What’s known on the subject? and What does the study add?
Genitourinary tuberculosis (GUTB), a significant form of extrapulmonary tuberculosis accounting for 8-15% of cases, poses diagnostic challenges owing to nonspecific symptoms such as flank pain and sterile pyuria, which mimic other urological conditions and often delay treatment. Conventional diagnostics, such as acid-fast bacilli (AFB) staining and culture, suffer from low sensitivity (10-20% and 10-90%, respectively) and slow turnaround times, whereas radiological imaging (computed tomography, intravenous pyelogram, retrograde pyelography, GUTB, ultrasonography) lacks specificity. Although histopathology is definitive, it is also invasive. The GeneXpert Mycobacterium tuberculosis/rifampicin assay, established for rapid pulmonary tuberculosis diagnosis with up to 88% sensitivity in sputum, has poorly characterized performance in urine for GUTB diagnosis. A study conducted in a tertiary care setting in India provides a comprehensive analysis of GUTB’s clinical spectrum, diagnostic approaches, and management, demonstrating that urine GeneXpert offers a sensitivity of 52-57%, comparable to AFB culture (47-52%), supporting its role as a rapid diagnostic tool. The study also highlights the high diagnostic yield of radiological imaging (82.5%), and its complementary role with GeneXpert, alongside a notable 59% nephrectomy rate, emphasizing the need for early diagnosis to prevent complications. We advocate for multicenter studies to optimize urine-based GeneXpert protocols and refine GUTB diagnostic criteria, aiming to enhance diagnostic protocols by evaluating the sensitivity of GeneXpert against traditional AFB culture methods.
Introduction
Genitourinary tuberculosis (GUTB) accounts for 8-15% of extrapulmonary tuberculosis cases globally, second only to lymph node involvement (1). Prevalent in high-burden regions, GUTB affects the kidneys, ureters, bladder, and genital organs, often leading to severe complications such as renal failure or ureteric strictures, if undiagnosed (2). Its non-spesific symptoms, such as flank pain, sterile pyuria, or hematuria, mimic urological disorders, delaying diagnosis (3). Conventional diagnostics, such as acid-fast bacilli (AFB) staining (sensitivity, 10-20%) and culture (sensitivity, 10-90%), are limited by their low sensitivity and long turnaround times (4, 5). Radiological imaging techniques such as computed tomography (CT), intravenous pyelogram (IVP), retrograde pyelogram (RGP), and ultrasonography (USG) identify characteristic features such as calycectasis or putty kidney but lack specificity (6). Although histopathology is definitive, it is also invasive and resource-intensive.

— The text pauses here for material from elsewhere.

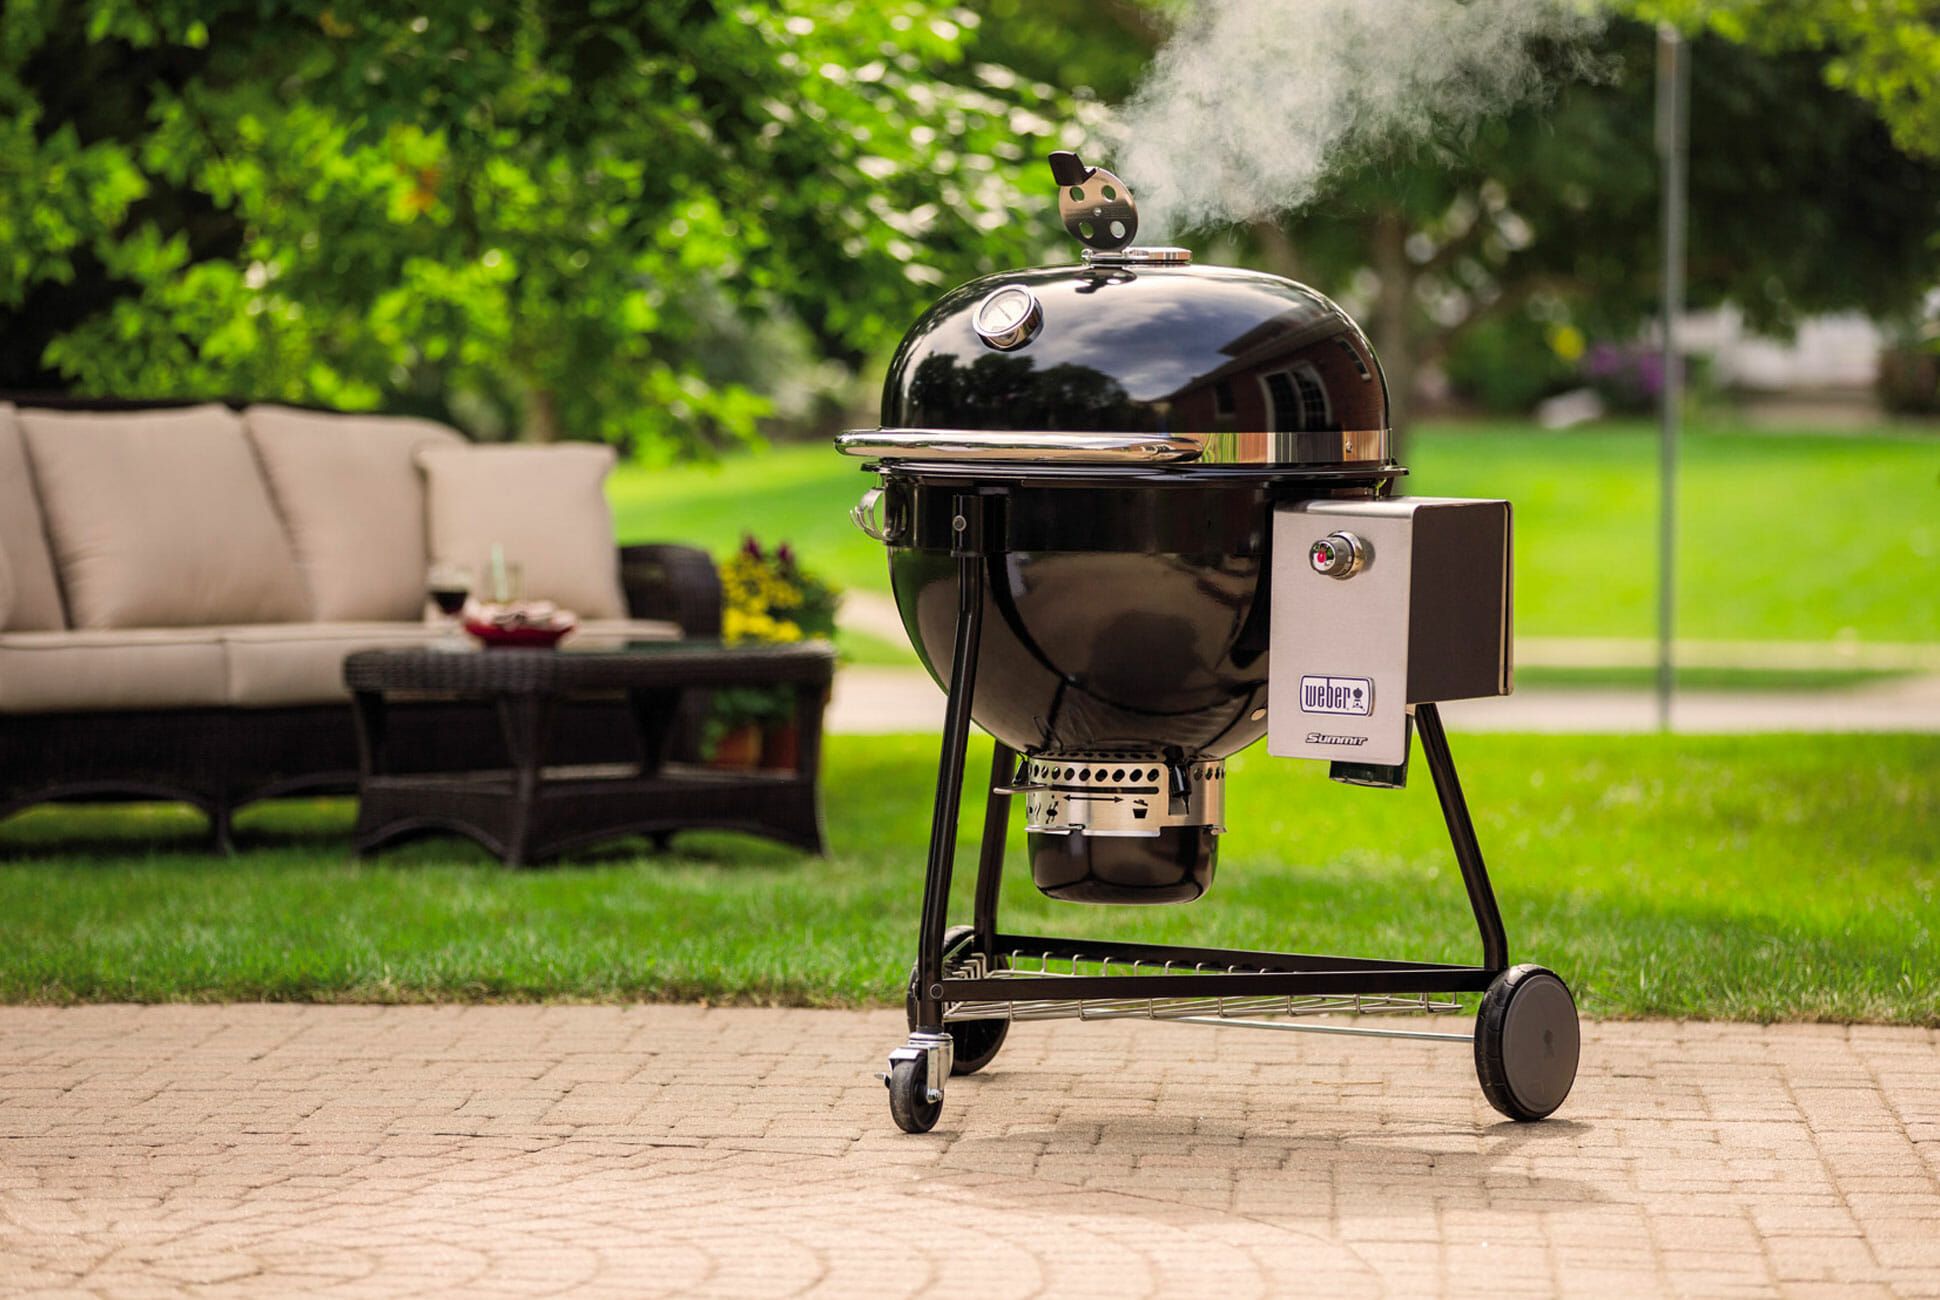 Buying to Grills: Every Model Explained

The GeneXpert Mycobacterium tuberculosis (MTB)/rifampicin (RIF) assay, a real-time polymerase chain reaction (PCR) test, detects *Mycobacterium tuberculosis* and rifampicin resistance in <3 hours, with a sensitivity of up to 88% in sputum (7). However, its application in urine for GUTB is underexplored and potentially limited by intermittent mycobacterial shedding or urine inhibitors (8). Given the morbidity and diagnostic challenges of GUTB, the evaluation of rapid tools such as GeneXpert is critical.
Aims
To evaluate the clinical spectrum, diagnostic approaches, and management of GUTB and assess the sensitivity of urine GeneXpert compared to AFB culture.
Materials and Methods
This retrospective cohort study included 42 patients diagnosed with GUTB at a tertiary care hospital in India between March 2013 and March 2019. This study was approved by the Lokmanya Tilak Municipal Medical College and General Hospital Institutional Ethics Committee (approval number: IEC/2019/042, date: 08.06.2023). The requirement for informed consent was waived because of the retrospective nature of the study. Diagnosis adhered to the South Indian Consensus criteria (9) of requiring: one major criterion (granulomatous lesion on biopsy, an AFB in urine/tissue, or positive PCR) or two minor criteria [suggestive CT/IVP/RGP, hematuria, raised erythrocyte sedimentation rate (ESR), and prior tuberculosis history].
Data were extracted from medical records, including:
• Demographics included age and sex.
• Clinical features: Symptoms and history of tuberculosis.
• Laboratory: ESR (Westergren method).
• Urine analysis: Three early morning samples for AFB staining (Ziehl-Neelsen), GeneXpert MTB/RIF, and culture (Löwenstein-Jensen medium and mycobacterial growth indicator tube) (10).
• Imaging: CT, IVP, RGP for GUTB-specific findings (e.g., infundibular narrowing and moth-eaten ureters).
• Histopathology: Biopsy or surgical specimens of granulomatous lesions were obtained.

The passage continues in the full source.